# EEI i1 Aunt Moggie 4/11



## Nipididdee (Apr 19, 2004)

http://www.dobass.com/EEI/FISHGREEN.html

The Elite of non gas anglers will set a new EEI record tomorrow :T

Auntie is RIPE! Weigh at 4:30 Rt 43 ramp ~ check it out!

FULL SEASON discount remains active up to blastoff! Single event entrants accepted!
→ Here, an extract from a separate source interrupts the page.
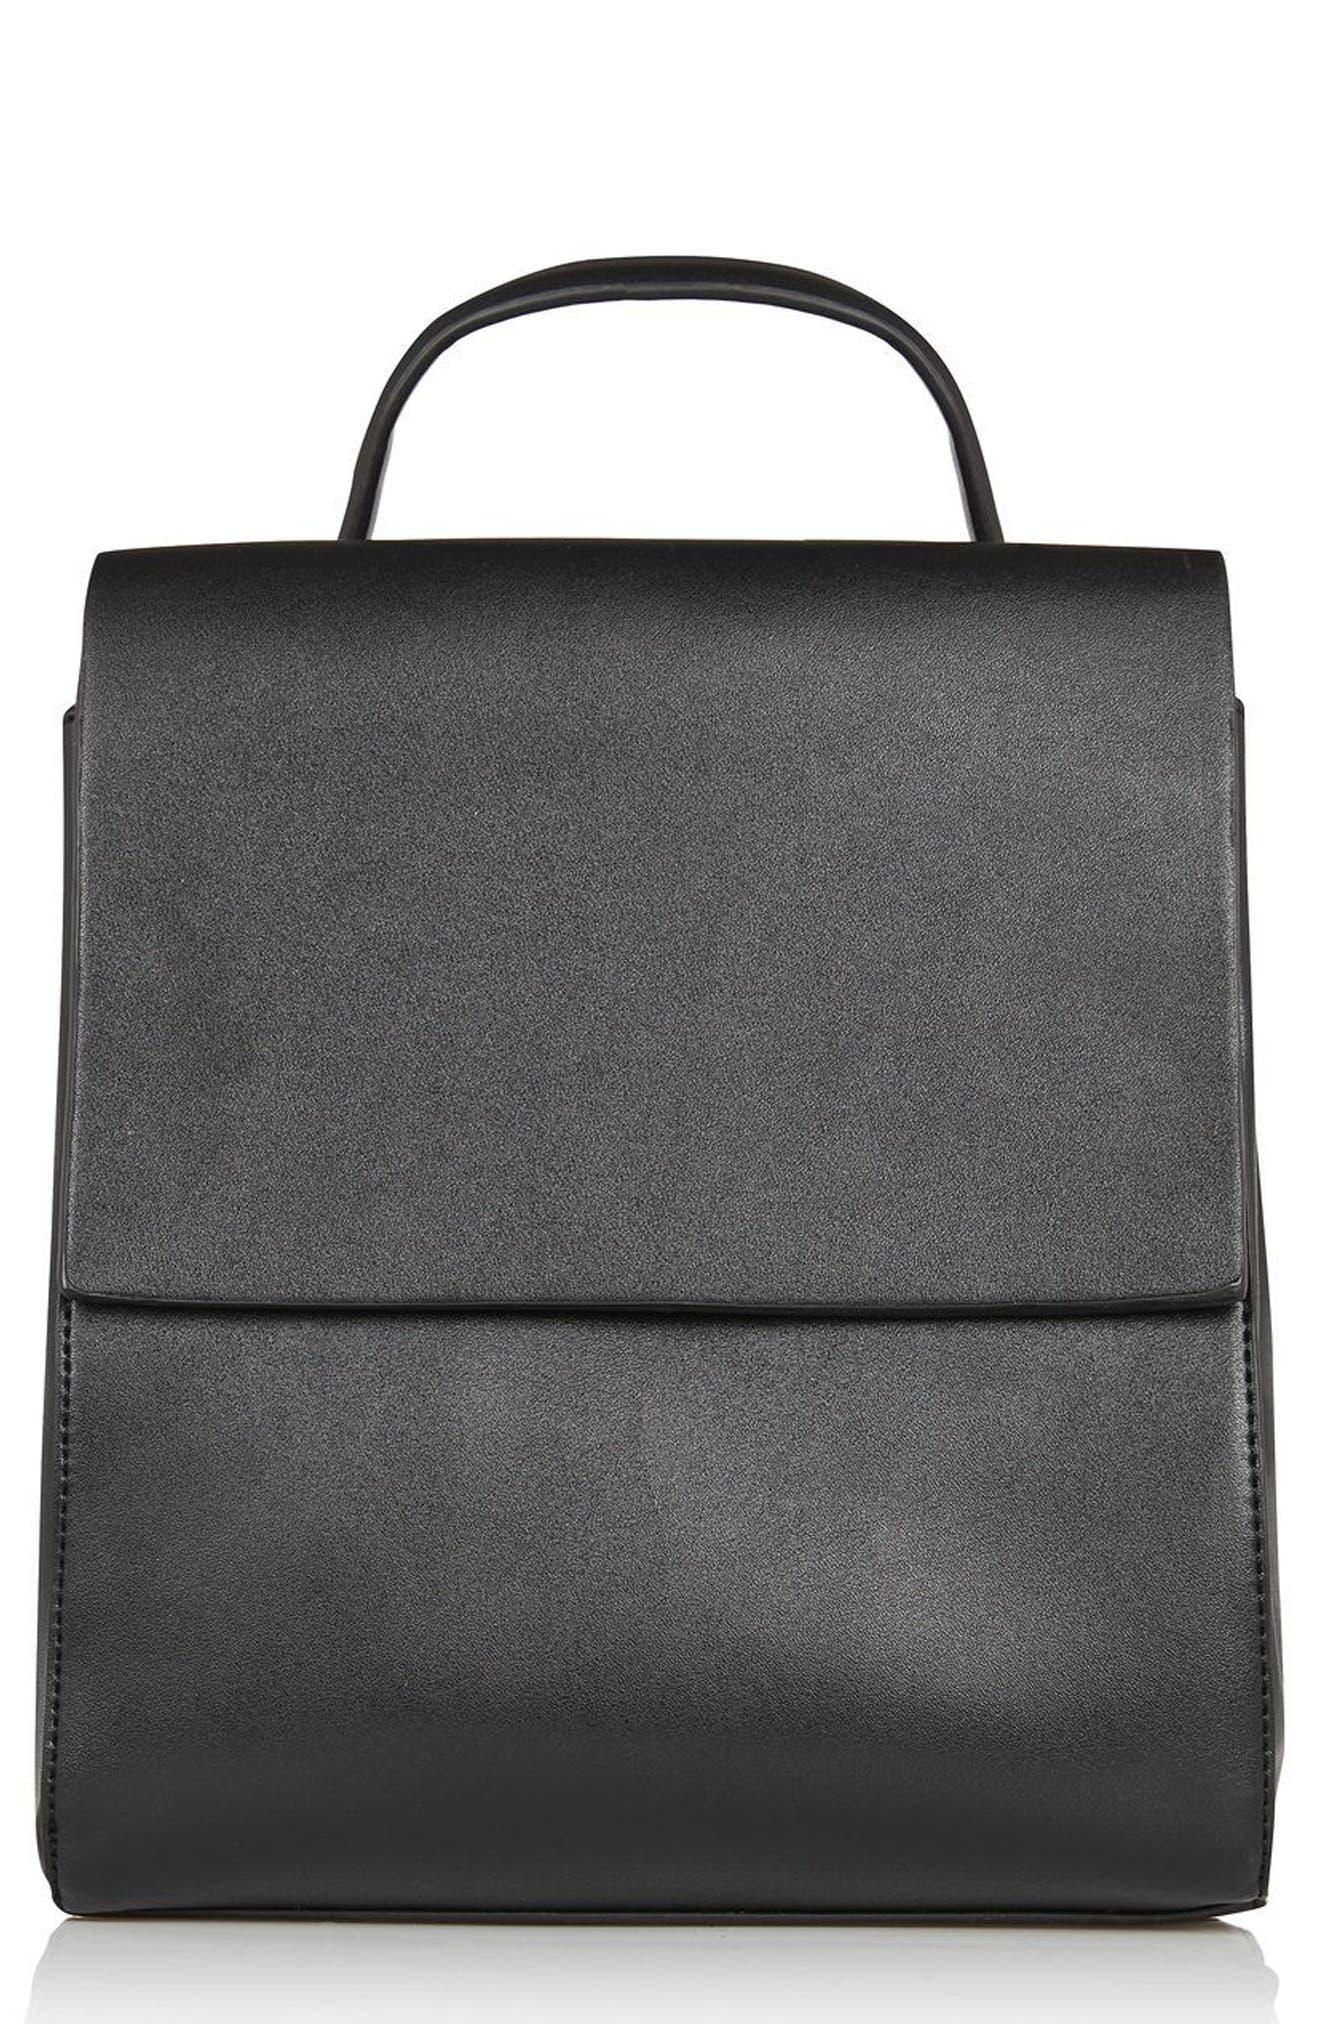 Topshop Mini Scandi Faux Leather Backpack

Fish against fewer than 20 teams for a trifecta shot at more than $1000!

...and on Auntie!!!!

nip


----------



## Nipididdee (Apr 19, 2004)

http://www.dobass.com/15EEI/i1/41115.html

For the record, the director called this.... :B

NEW DoBass RECORD 22.67lbs AND A 6.99 MOTHER FISH!!!

njoy~
nip


----------



## bassnnn (Feb 25, 2007)

Congratulations John and Steve ! Some squirrels hoard all the nuts )))


----------



## hopin to cash (Sep 14, 2010)

My "GOD" cull'in that is a great FISH!!! Congrats man!!!


----------



## Cull'in (Nov 21, 2005)

Thanks guys, a day to remember for sure!

bassnnn, good seeing you at Fisherman's Central a few weeks ago. Get healed up and we'll head out to Mogadore when my tourney schedule slows down a bit.


----------



## bassnnn (Feb 25, 2007)

I will gladly take you up on that. And always good to see you !


----------